Linux memory manipulation using .NET Core 2

Recently, I wanted to port my .NET Framework Windows application to Linux. Obviously, since .NET Core 2 is there, I decided to use it instead of Mono. It wasn’t that much of pain until I had to re-implement a class to manipulate the memory of a remote process. I did a quick research and at first it looked pretty complicated. Apparently, most of the guides I found on the internet were implementing memory manipulation using ptrace. Luckily, since Linux 3.2 we can use process_vm_readv and process_vm_writev.

Implementation

Referring to the man page, you can see that first of all we have to implement the iovec struct.

struct iovec {
  void  *iov_base;    /* Starting address */
  size_t iov_len;     /* Number of bytes to transfer */
};

The first field is a pointer.

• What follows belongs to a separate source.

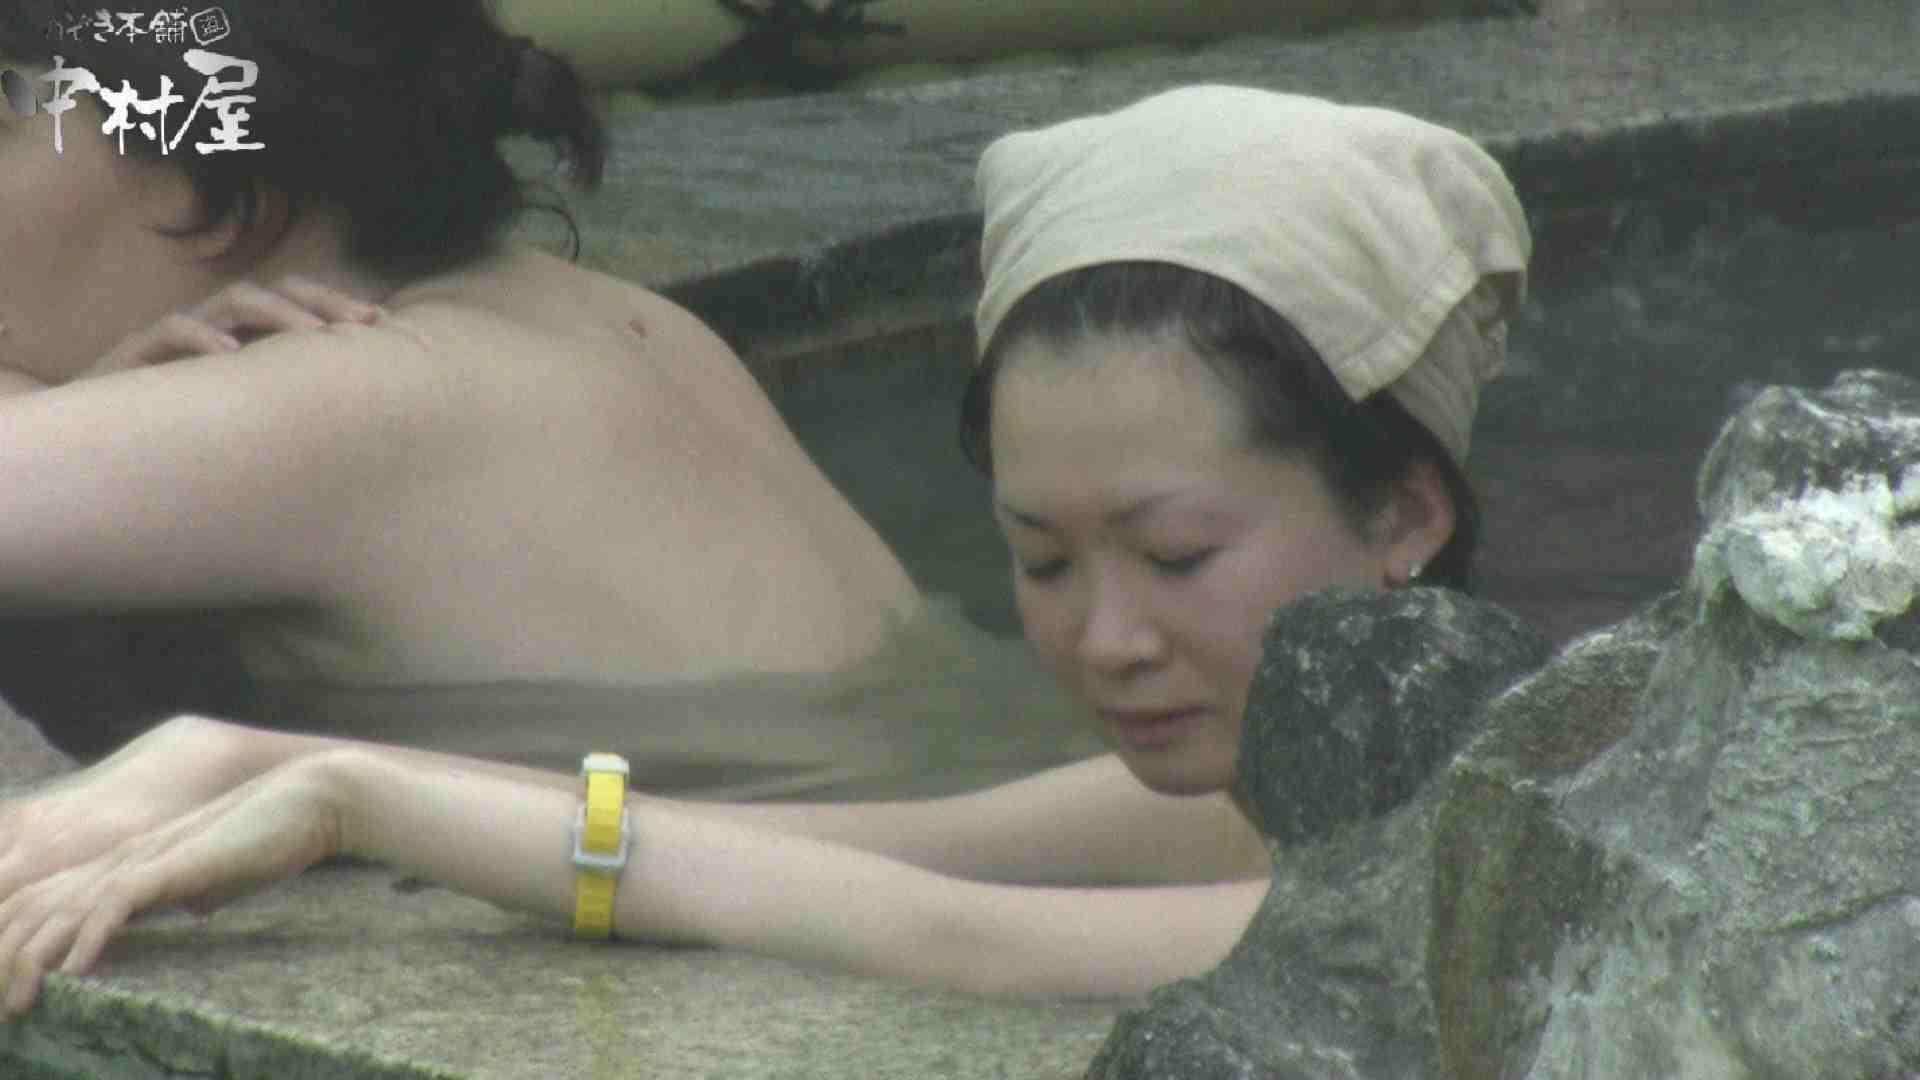 Aquaな露天風呂Vol.906 OLセックス 盗撮オマンコ無修正動画無料 92画像 53

As a replacement for size_t, I’ll be using int because that’s what Unsafe.SizeOf<T>() returns. Here’s the final C# implementation:

[StructLayout(LayoutKind.Sequential)]
unsafe struct iovec
{
  public void* iov_base;
  public int iov_len;
}

Let’s implement process_vm_readv now. The man page shows the following method signature:

ssize_t process_vm_readv(pid_t pid,
                        const struct iovec *local_iov,
                        unsigned long liovcnt,
                        const struct iovec *remote_iov,
                        unsigned long riovcnt,
                        unsigned long flags);

pid is the Process ID accessible from the Id property of the System.Diagnostics.Process class. Next parameter is a pointer to the local iovec struct that will be holding the result of the operation. liovcnt is the count of local structs. This parameter is useful when we want to perform multiple memory operations, but my implementation doesn’t do that. The following param is again a pointer to the iovec struct, but this time it’s the remote one that holds information about the memory fragment we’re trying to read. riovcnt is the remote equivalent to liovcnt. According to the man page, the flags argument is currently unused and does nothing. process_vm_readv on success returns the number of bytes read.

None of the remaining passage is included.